Except as otherwise explicitly provided in this Code, if any Director believes that this Code has been violated or the Company has or is about to violate a law or regulation, or a Director believes that he is being asked to violate this Code or a law or regulation in the performance of duties for the Company, the matter should be promptly reported to the Chairman of the Corporate Governance Committee.

Every Employee and Director shall cooperate in assuring that any violation of this Code is brought to the attention of the appropriate person. The Company will take appropriate steps to maintain the confidentiality of the reporting Employee's or Director's identity, to the extent that it can do so consistent with the Company's obligations to investigate and remedy the matter and, if appropriate, to report the matter to government officials. Employees may report violations of this Code on an anonymous basis.

No retribution will be taken against an Employee or Director for reporting, in good faith, a violation or suspected violation, and any supervisor intimidating or imposing sanctions on any Employee or Director for reporting a matter in good faith will be disciplined.

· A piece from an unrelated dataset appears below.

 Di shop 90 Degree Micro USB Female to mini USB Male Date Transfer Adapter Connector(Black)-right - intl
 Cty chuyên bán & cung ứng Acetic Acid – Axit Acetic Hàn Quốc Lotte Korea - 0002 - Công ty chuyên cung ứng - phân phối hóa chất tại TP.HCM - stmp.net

The Corporate Governance Committee of the Company's Board of Directors is responsible for overseeing the interpretation and enforcement of this Code. Only the Corporate Governance Committee may waive provisions of this Code with respect to Directors and executive officers of the Company and only the Corporate Governance Committee may change any provision of this Code.

An Employee or Director found to have violated this Code would be subject to appropriate disciplinary action, ranging from warnings to possible termination or removal.


Desert Enterprises is committed to openness, transparency, and honesty in its dealings with shareholders, employees and partners. This is done through keeping them aware of its objectives, goals, and businesses.